- Provided data:
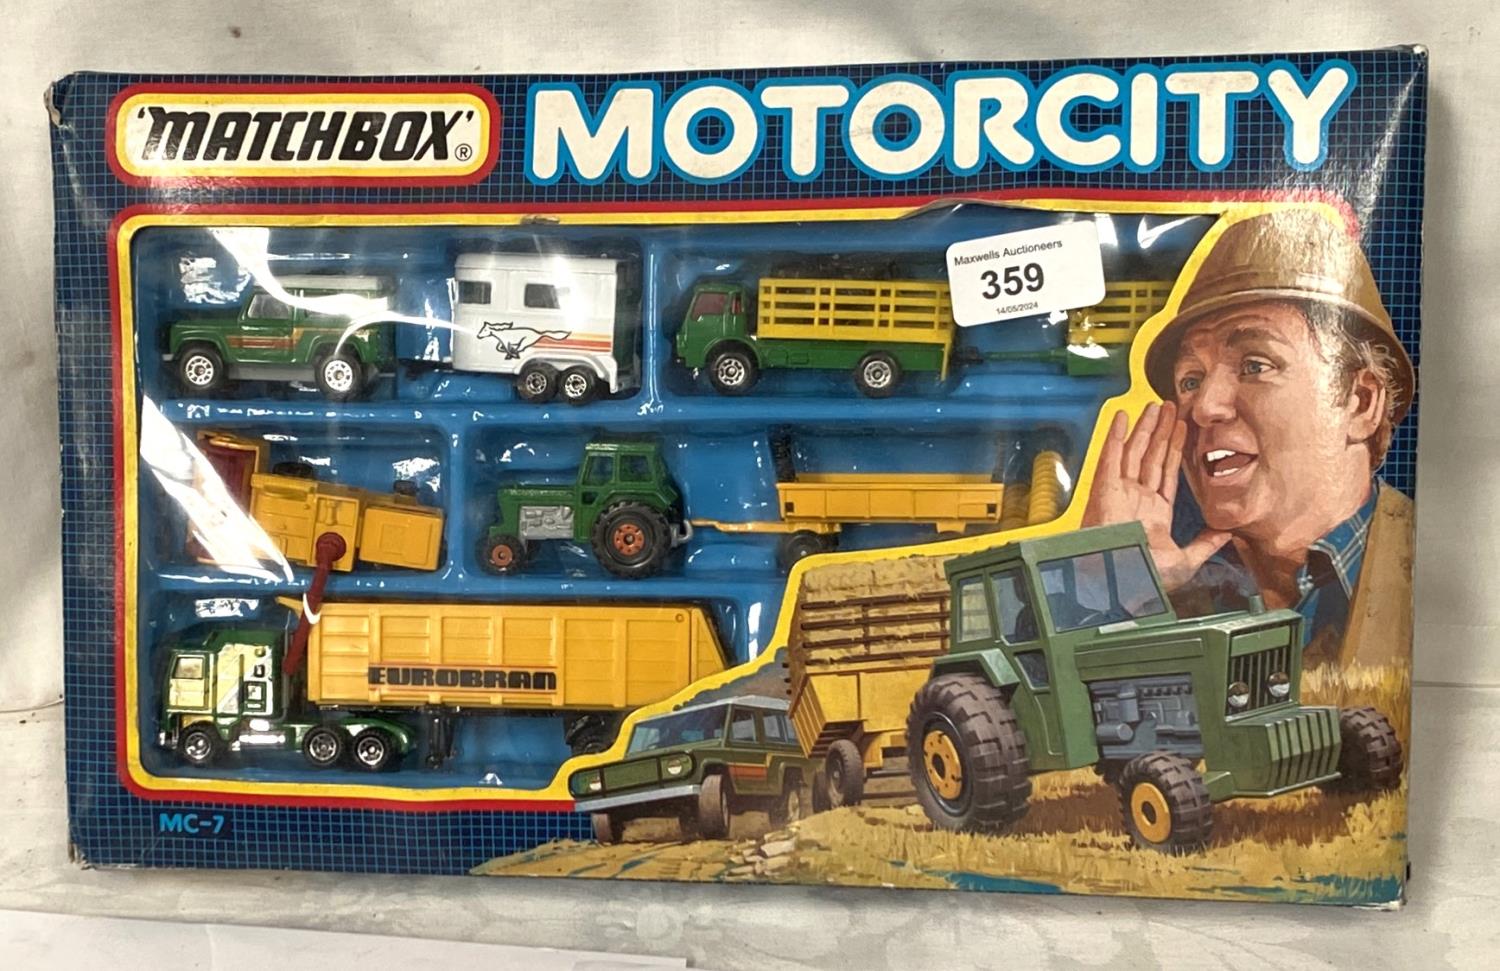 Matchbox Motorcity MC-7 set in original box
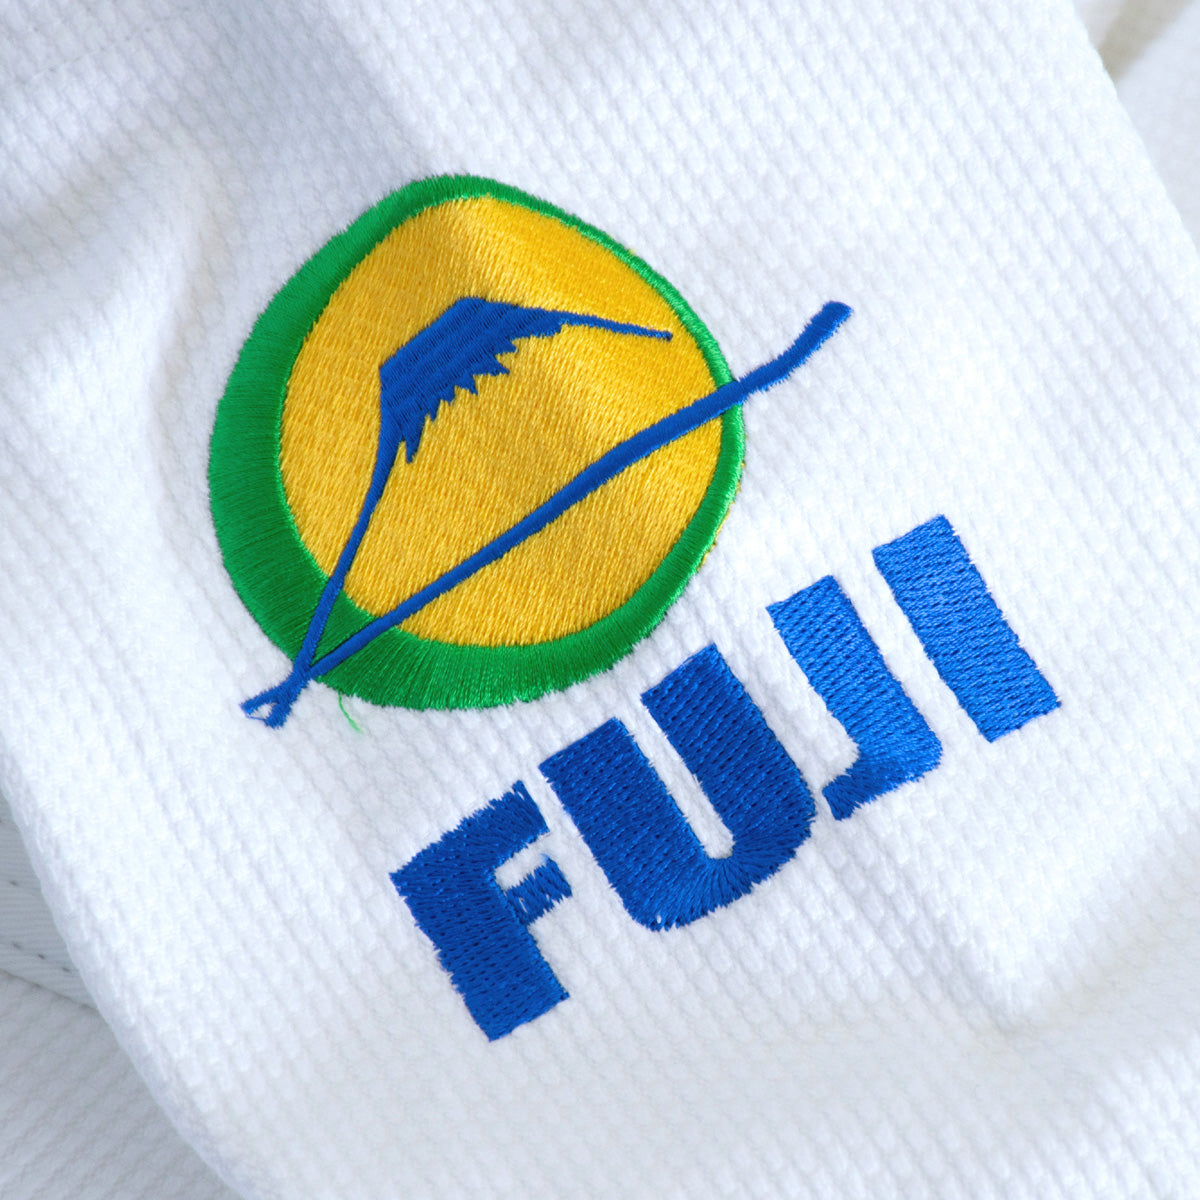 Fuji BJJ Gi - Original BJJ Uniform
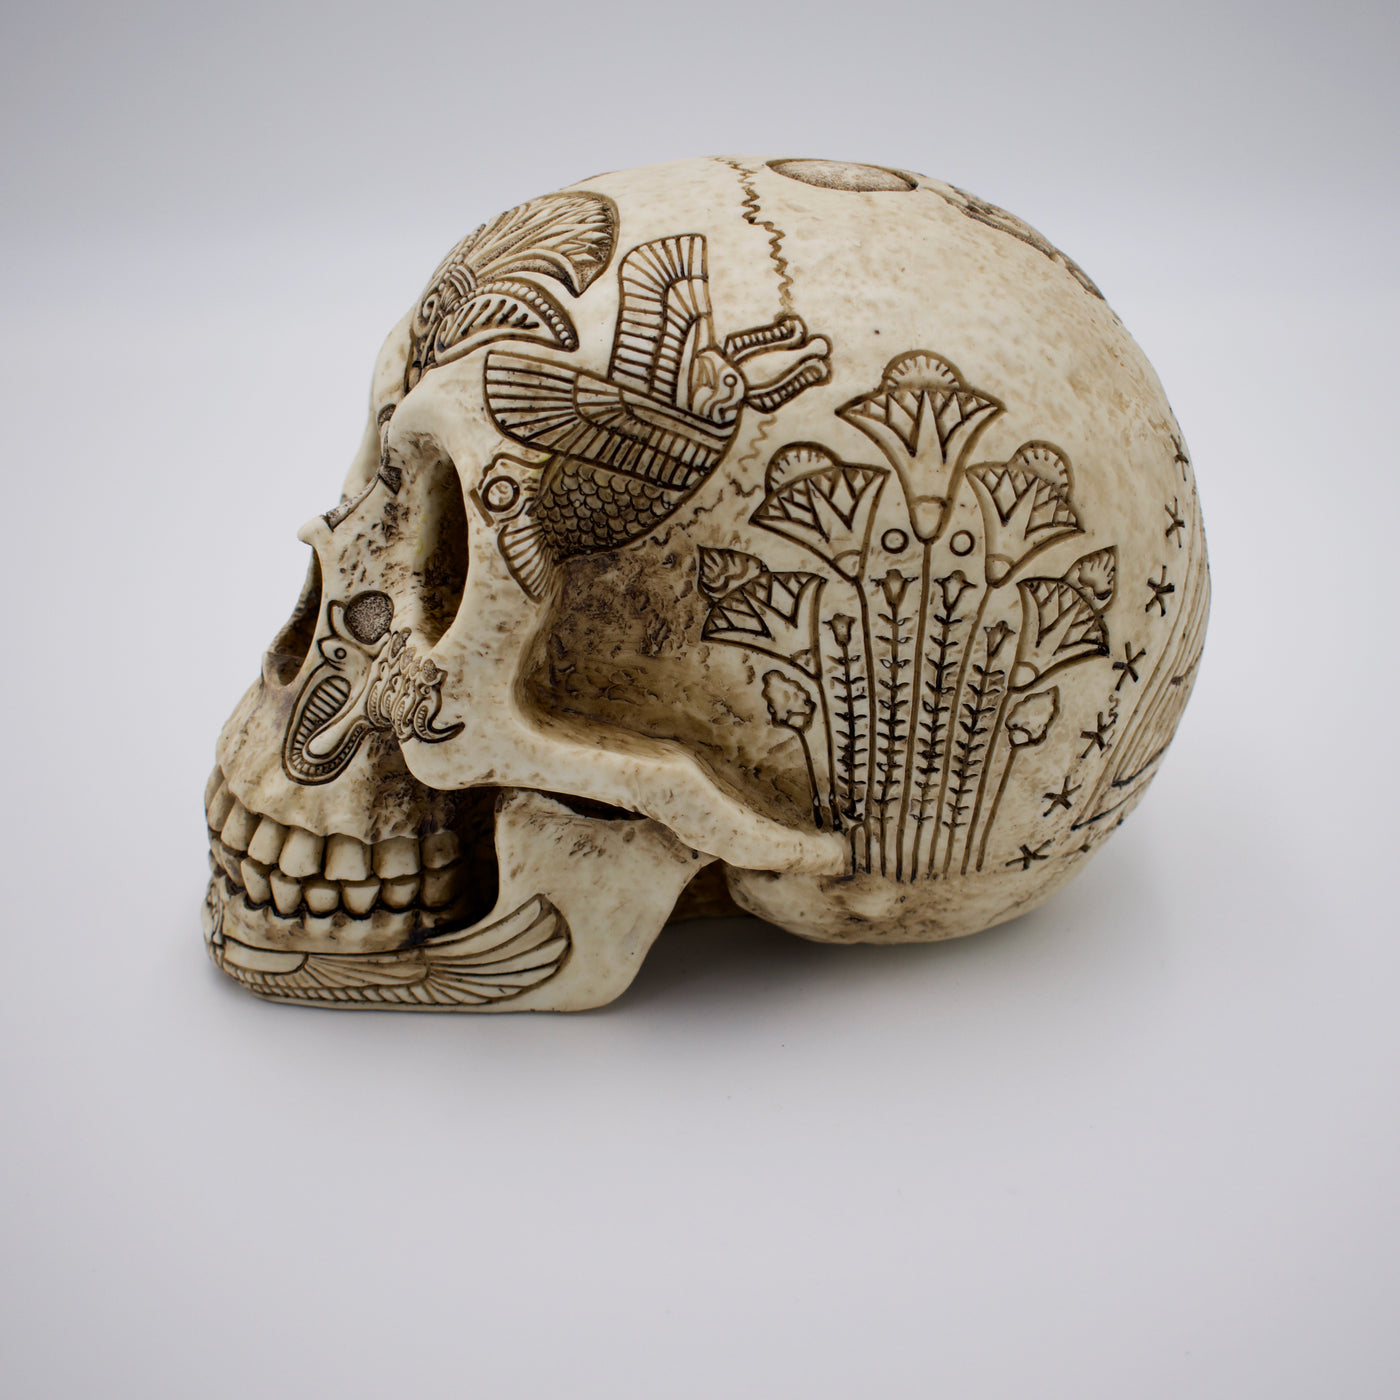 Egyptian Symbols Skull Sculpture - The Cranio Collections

- How to complete this task:
Once the line with "Fuji BJJ Gi - Original BJJ Uniform" is found, output it and every line after it through the end of the listing, exactly, without pictures.

- Output of the task:
 Fuji BJJ Gi - Original BJJ Uniform
 Egyptian Symbols Skull Sculpture - The Cranio Collections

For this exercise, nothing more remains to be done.